In these types of debates, often purely academic, what we now practice is tokenism. We need to include people from the Global South because we need voices from there. Usually, when we do that, that voice is not the voice of the poor but that of some privileged person living in the Global South.
We have to make people understand that every single person is entitled to her basic rights. Many governments are completely against this because it means that when people are empowered, they will speak and make demands. But this is where we should focus our attention, reaching and empowering the grassroots to voice their concerns and their views, and to be in charge of their human development. I don’t know how to do that. But we must hear their voices, as poor people live with impossible choices.
We are now, for example, being told that COVID-19 is a dangerous disease. But poor people live with cholera, HIV and malaria, and many die from these diseases every single day. The poor also have impossible choices to make to protect themselves. I can afford to stay at home but my clients, who I represent, cannot. They are being arrested for being homeless. When you are homeless, where are you supposed to stay? Thus for me, amplifying the voices of people at the very bottom of our societies is critical. This debate about rearticulating human development should not be left to academics and elites alone. Everybody should be able to engage through their own grassroot structures and communities. We need to collect people’s stories about how they live their lives and make this central to our analysis going forward. We must be able to understand cultural dynamics in many parts of the world, to see people’s potential and priorities. We cannot base our view of the world on the elites and the upper middle classes, for whom culture is about consumption and flying in airplanes to America or London and in Uganda. If we don’t appreciate other people living their own lives and the differences among people, then what remains is an elitist idea.
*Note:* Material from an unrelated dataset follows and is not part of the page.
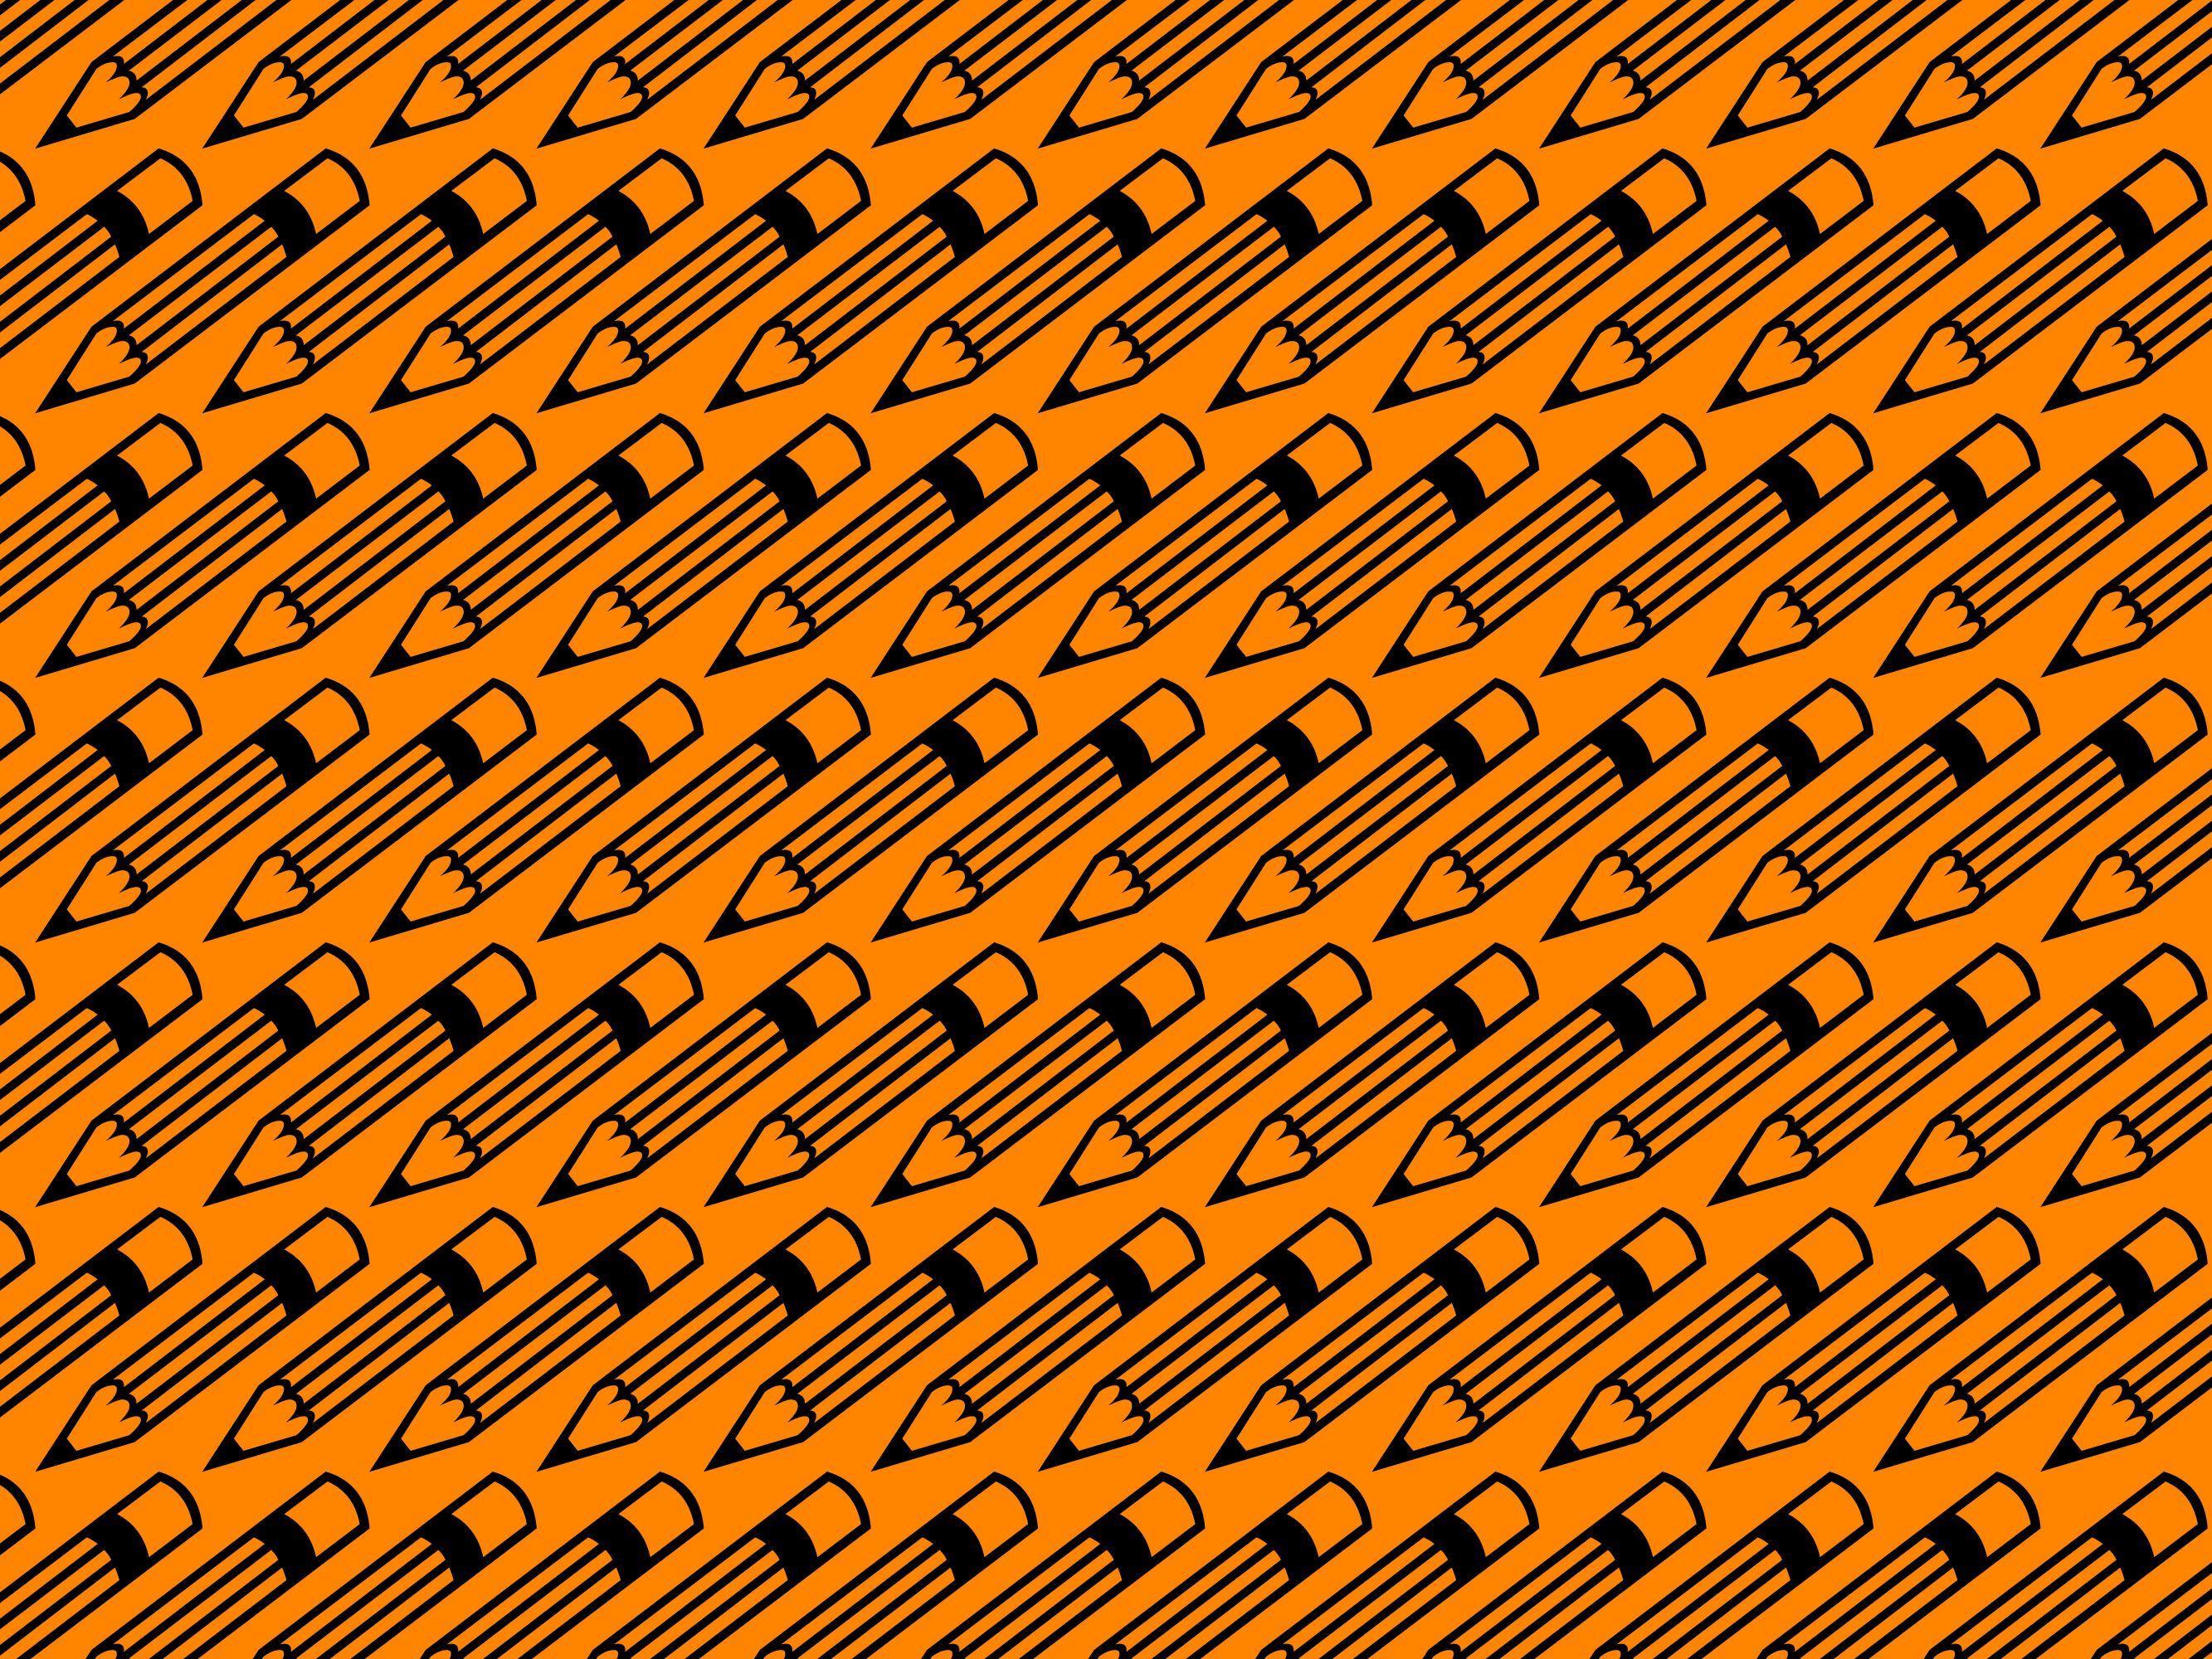 An orange graphic filled with pencil symbols.

Thank you very much for these important insights about the centrality of the perspectives poor people themselves have about human development. Taking this as your point of departure and to conclude, what would be your own definition of human-centric development today?
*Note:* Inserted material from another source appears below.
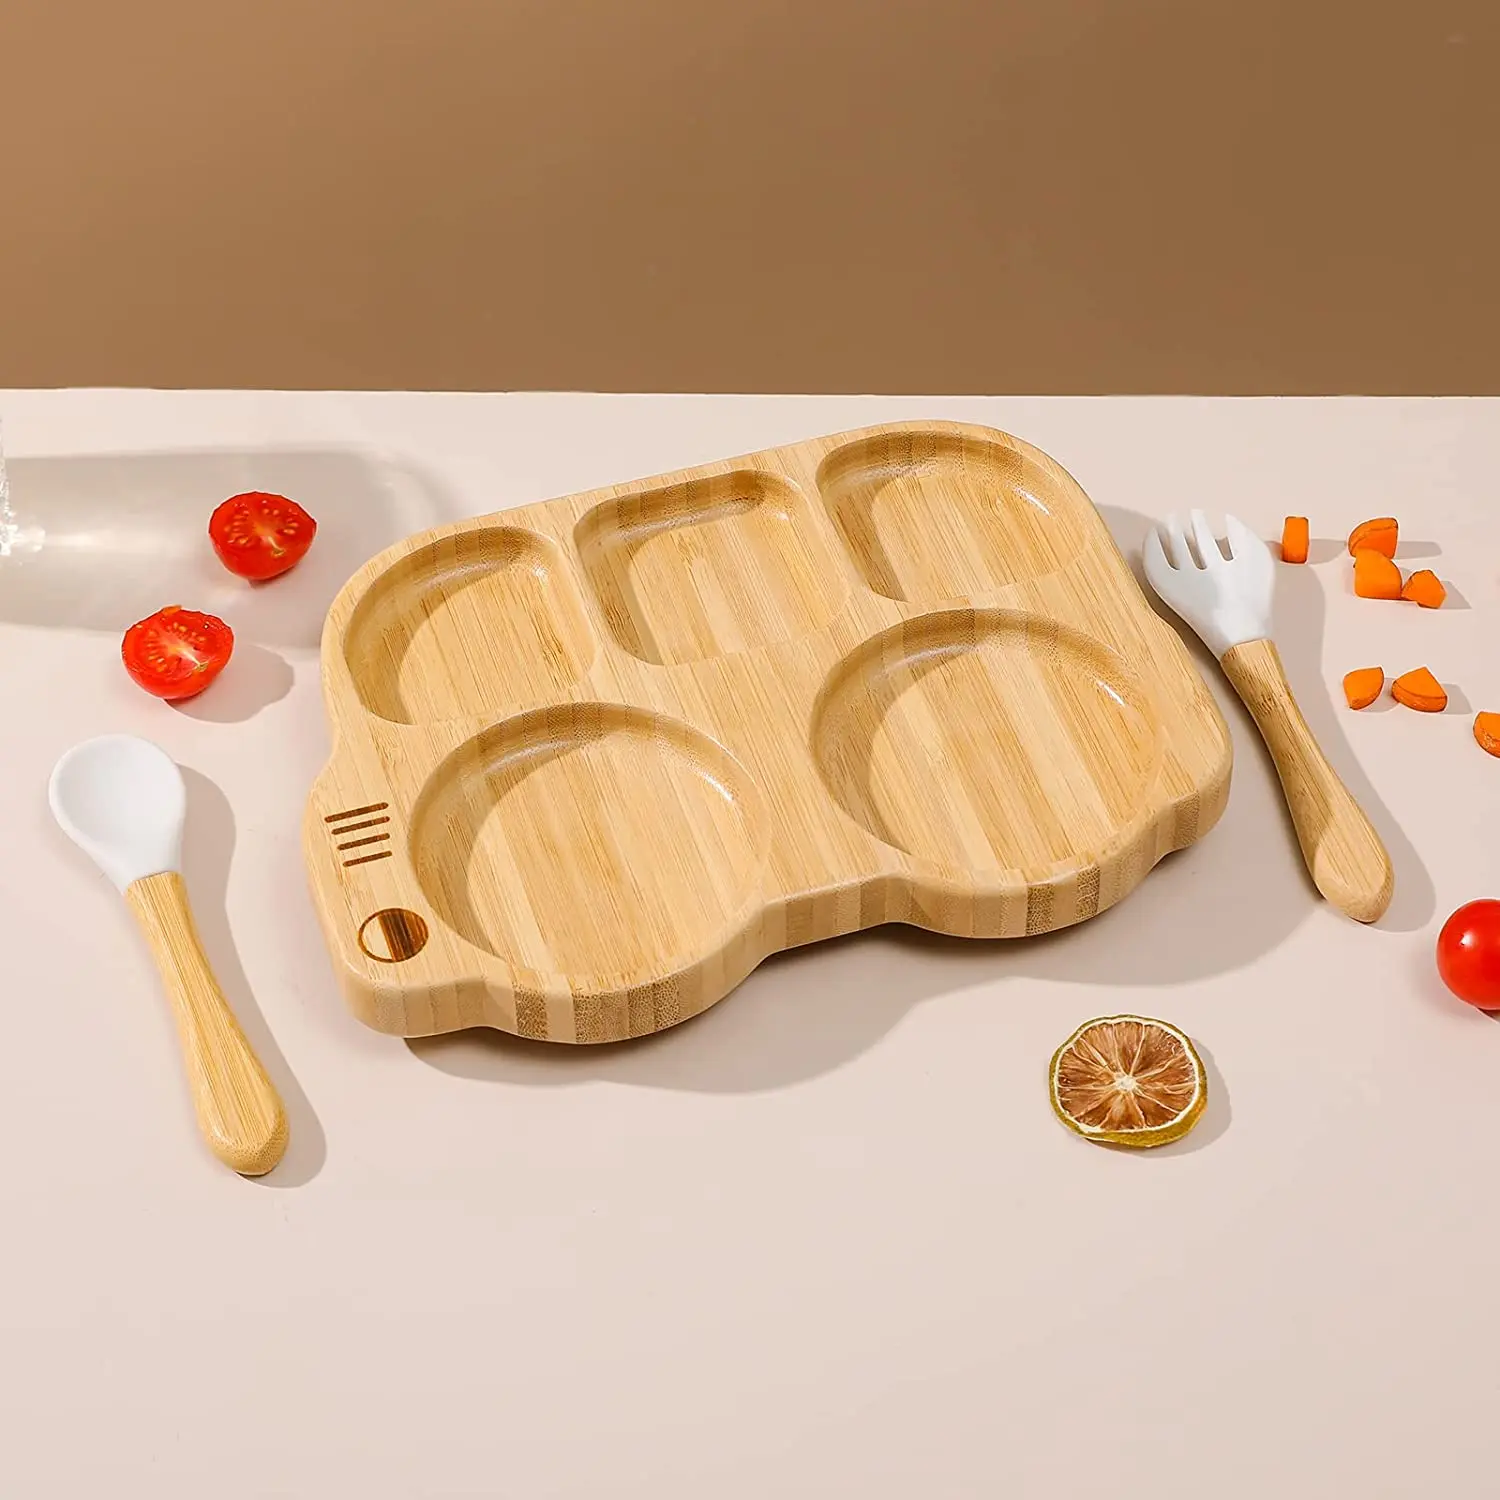 Cute Animal Appearance Shape Platter for Children Bamboo Kids Plates Bamboo Plates Baby Kids Hot Sale Wood Plate

I would define human-centric development as living conditions devoid of discrimination and marginalization. Economic development versus equality is not a zero-sum game. For me, once we remove discrimination and equality emerges, then we will have the conditions for human development at all levels.
Adrian Jjuuko is a Ugandan human rights lawyer, researcher and activist. He is the founder and Executive Director of Human Rights Awareness and Promotion Forum (HRAPF), an organization that operates the only licenced and specialized legal aid clinic for LGBTI people in Uganda.